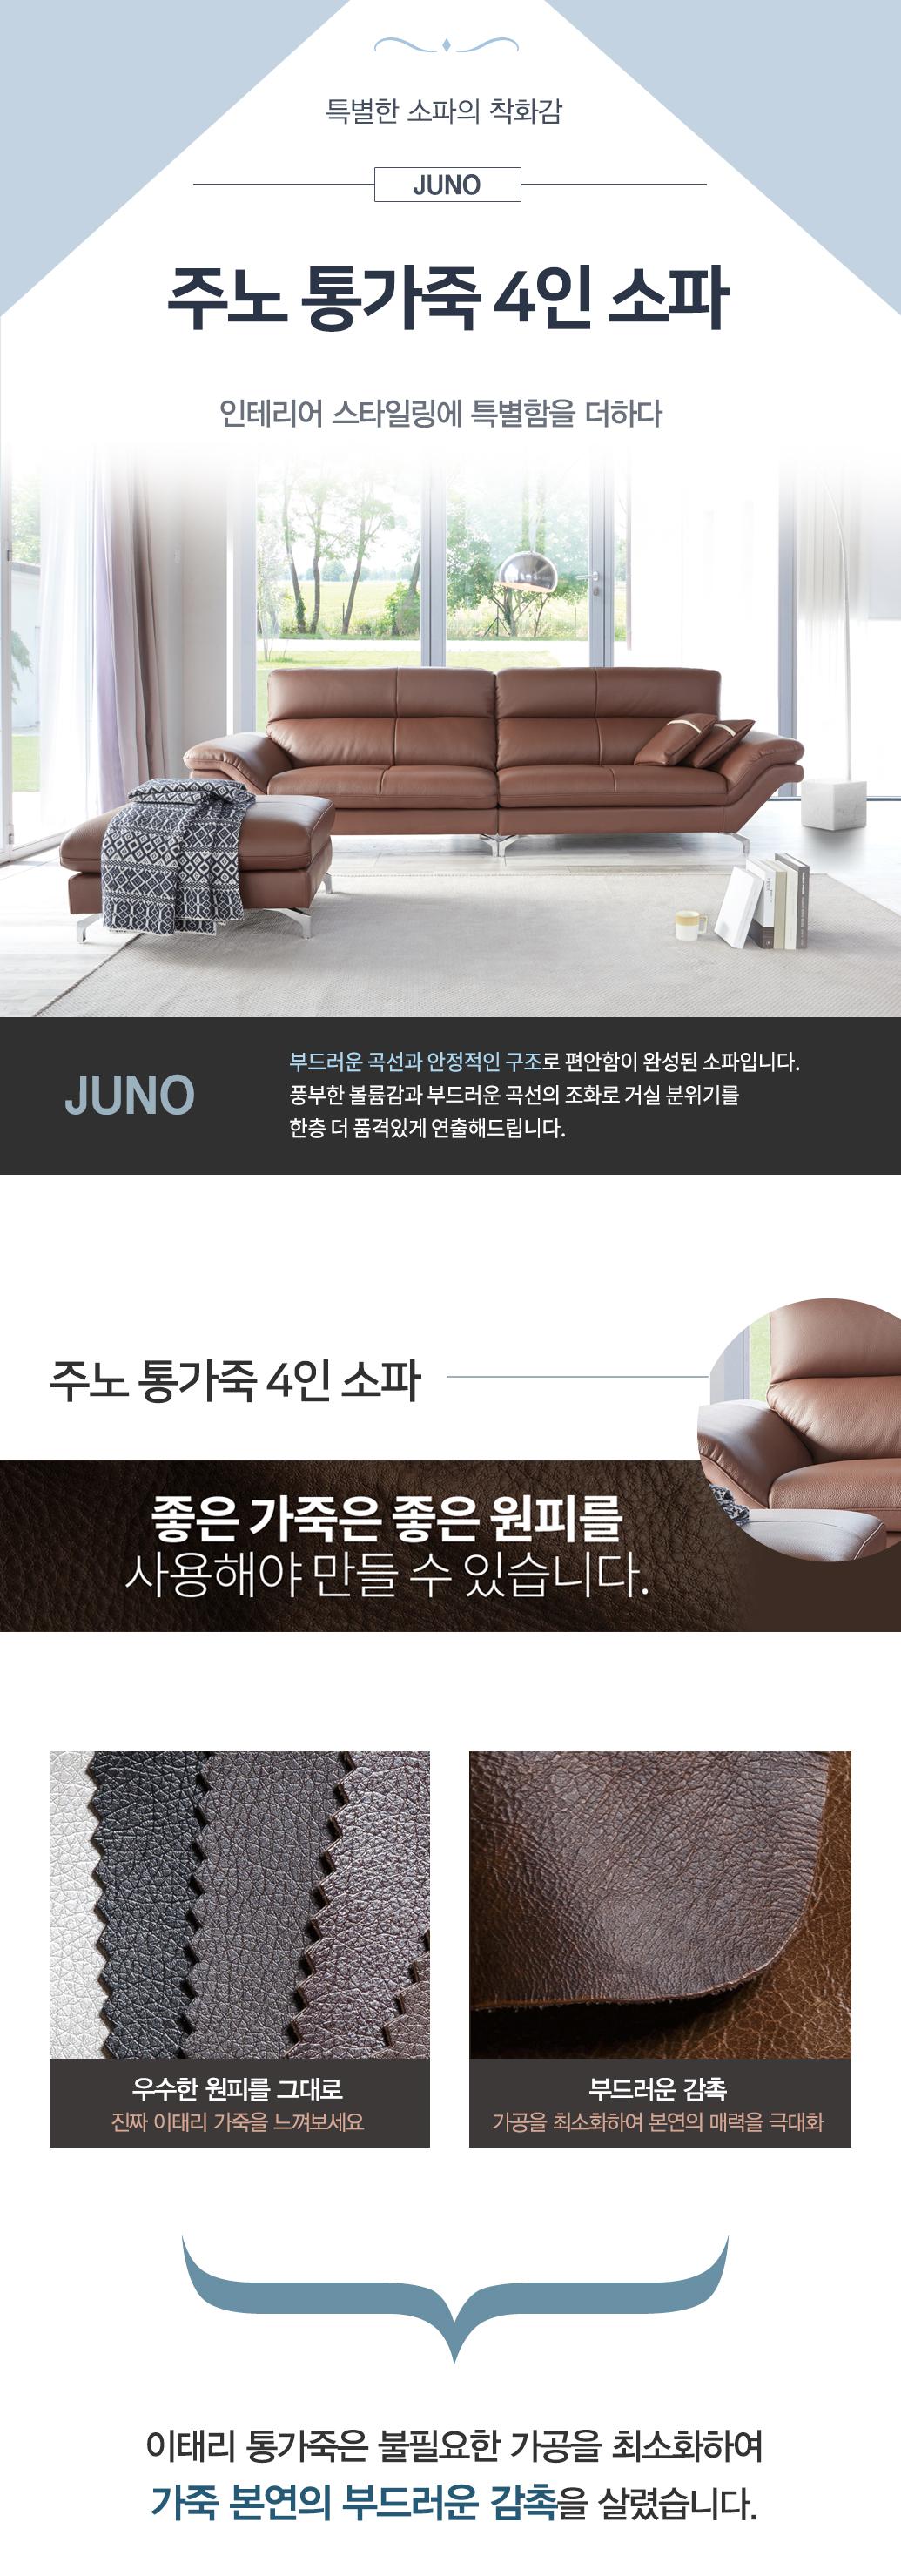 JUNO_01.jpg
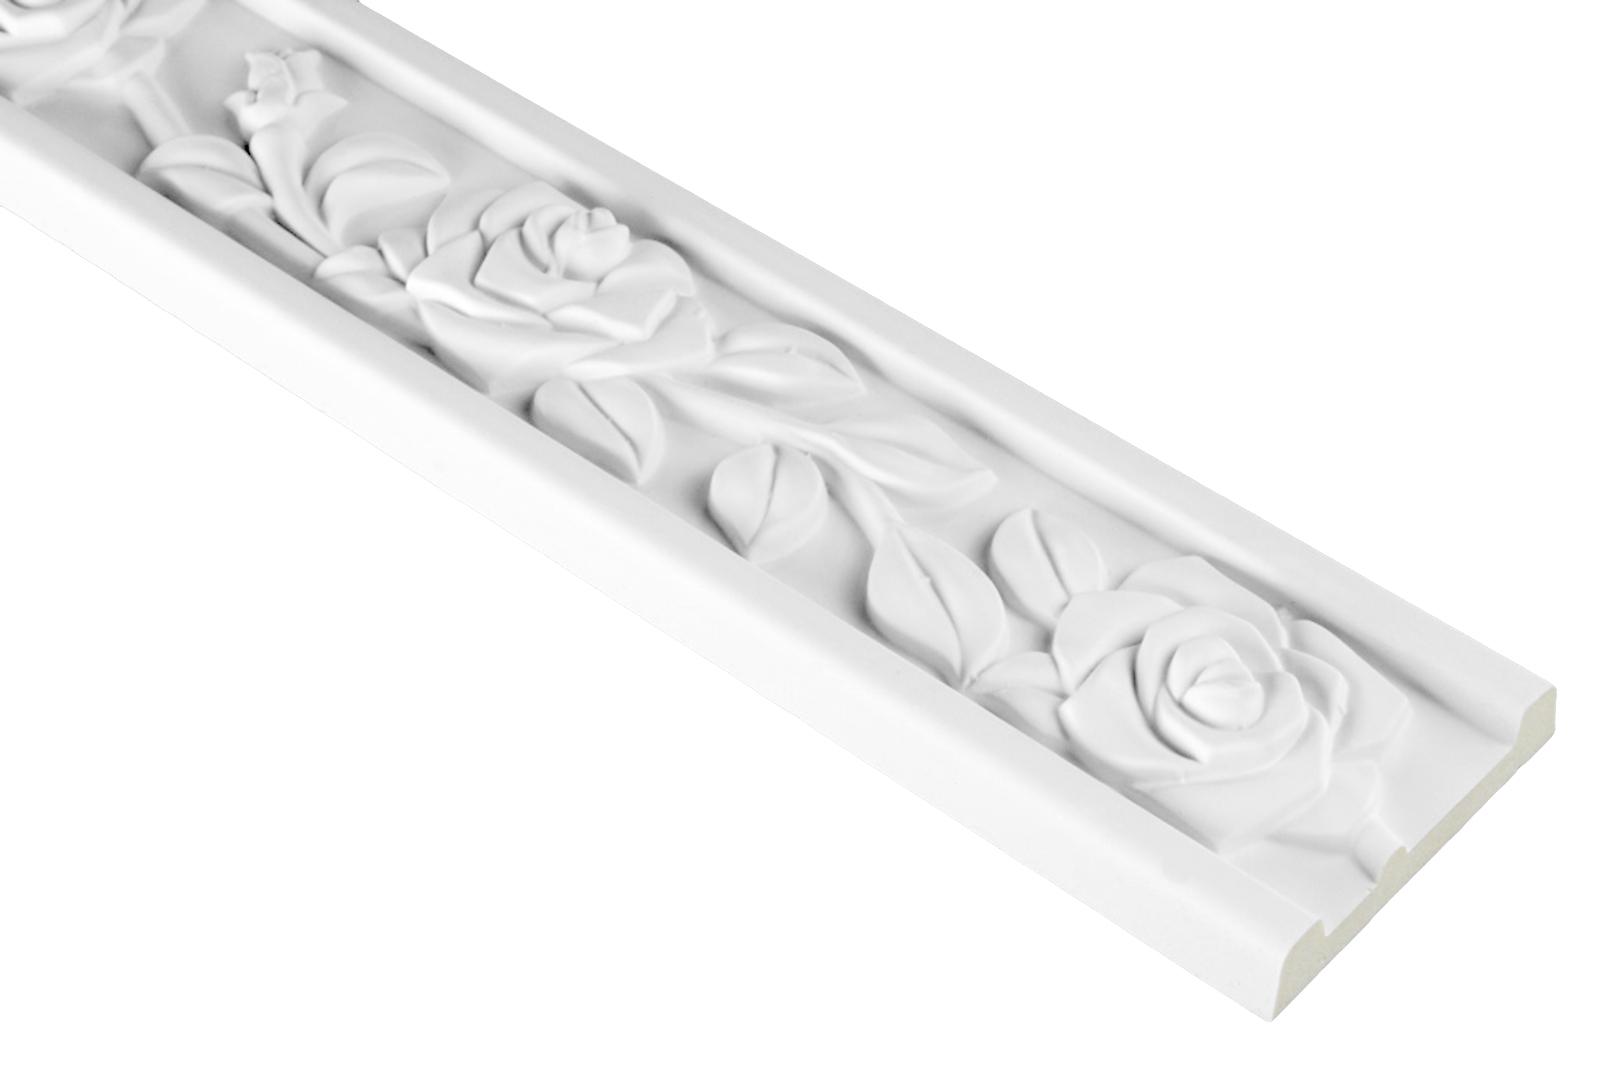 2 Meter PU Flachprofil Leiste Wand Dekor Stuck sto/ßfest 103x18mm FH9125
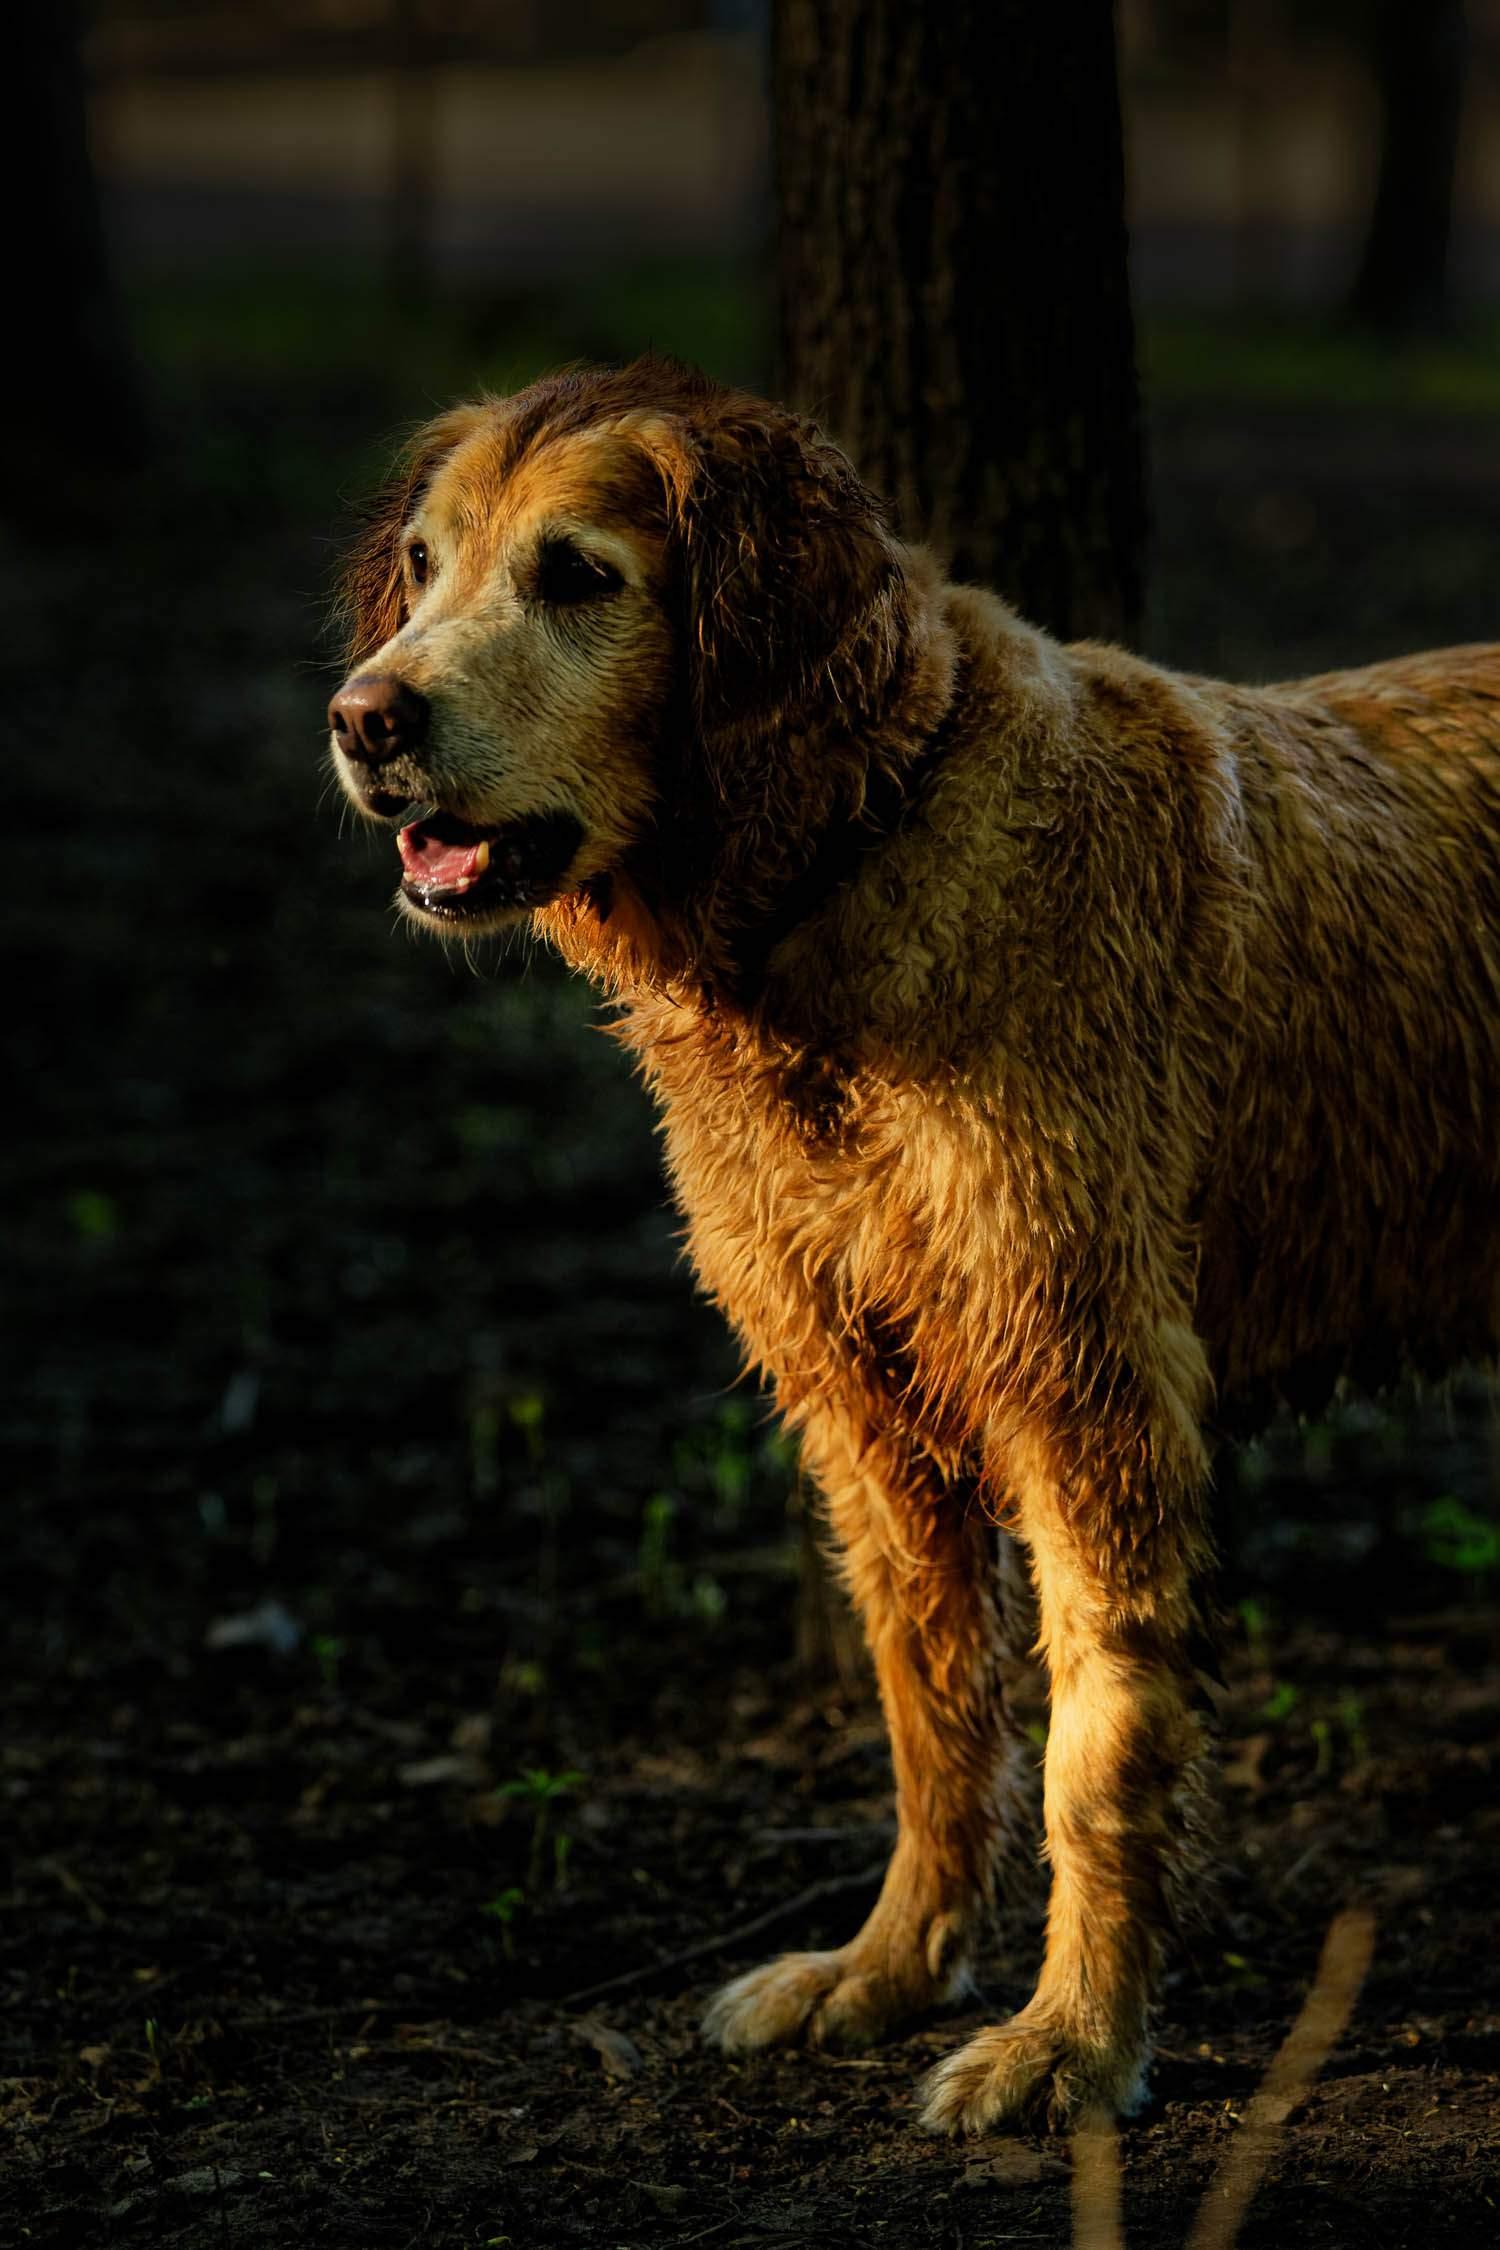 dog at dusk in the sun light
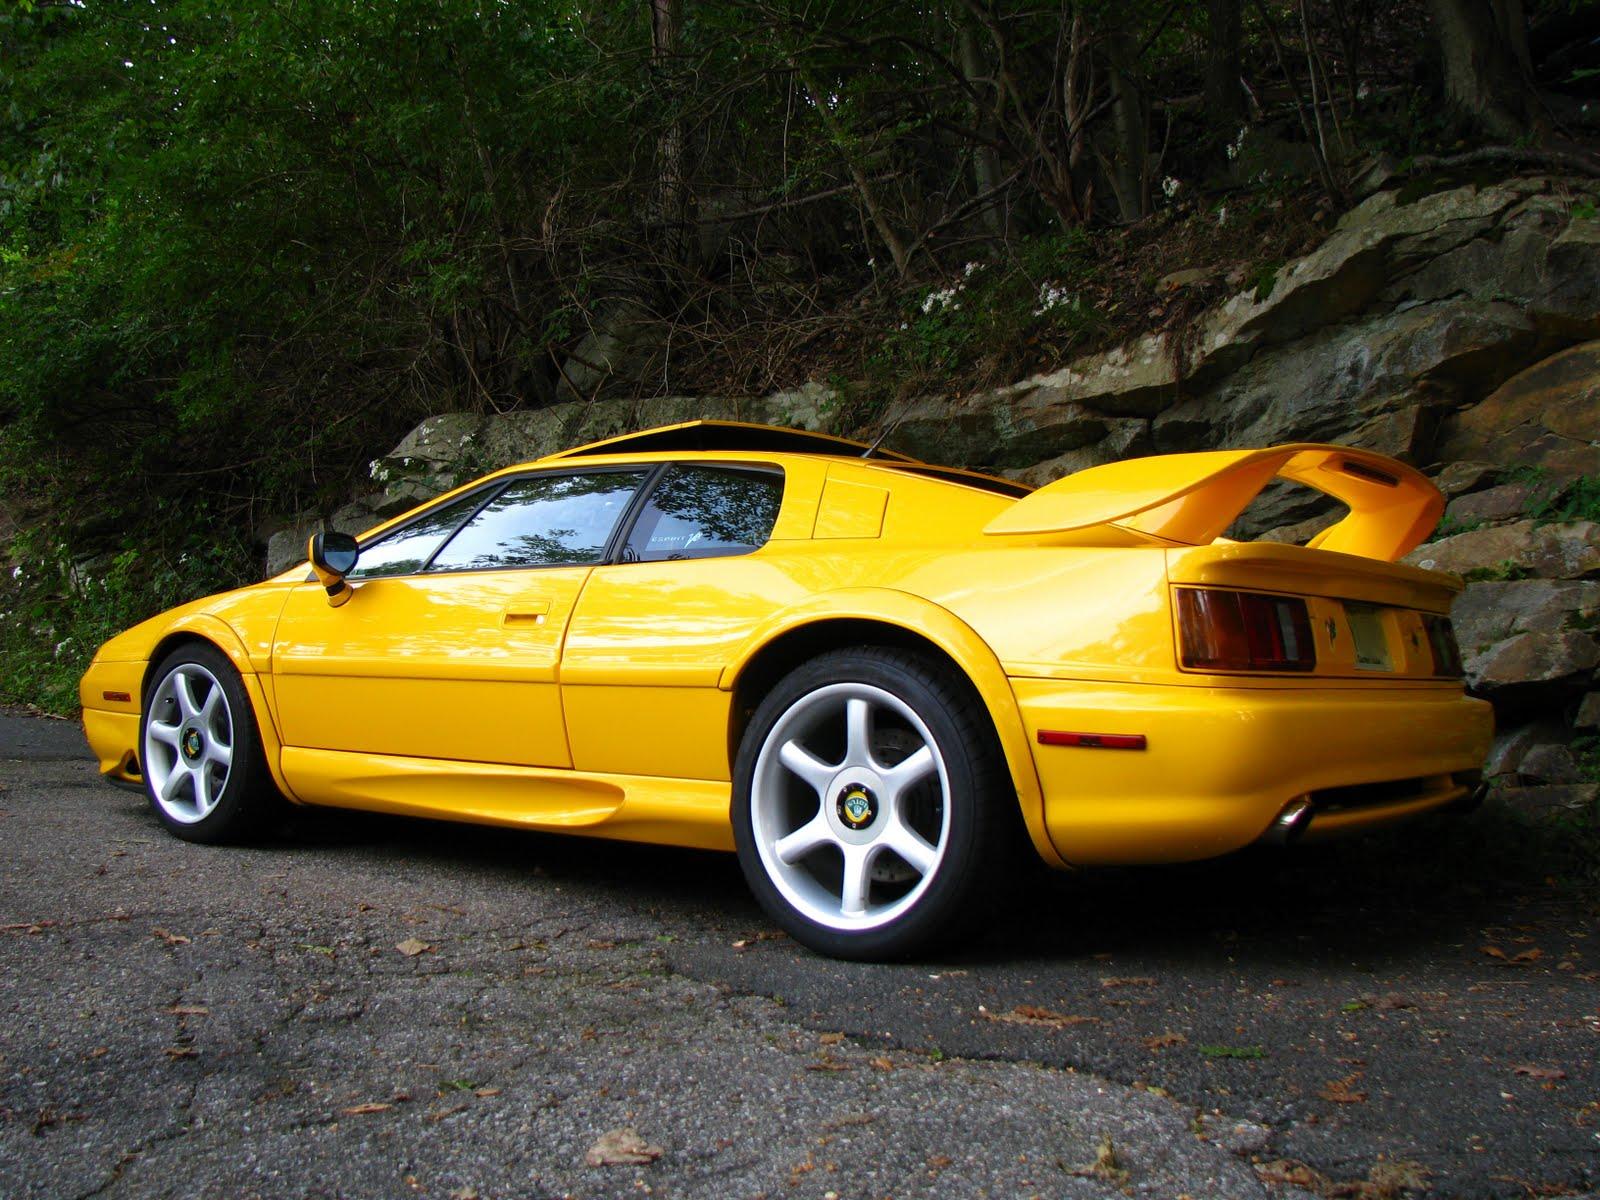 2000 lotus esprit v8 twin turbo us 33 500 lotustalk the lotus cars community

Task item:
The line containing "dog at dusk in the sun light" and each line after it through the end of the listing above are to be written out exactly, without the pictures.

Completed task:
 dog at dusk in the sun light
 2000 lotus esprit v8 twin turbo us 33 500 lotustalk the lotus cars community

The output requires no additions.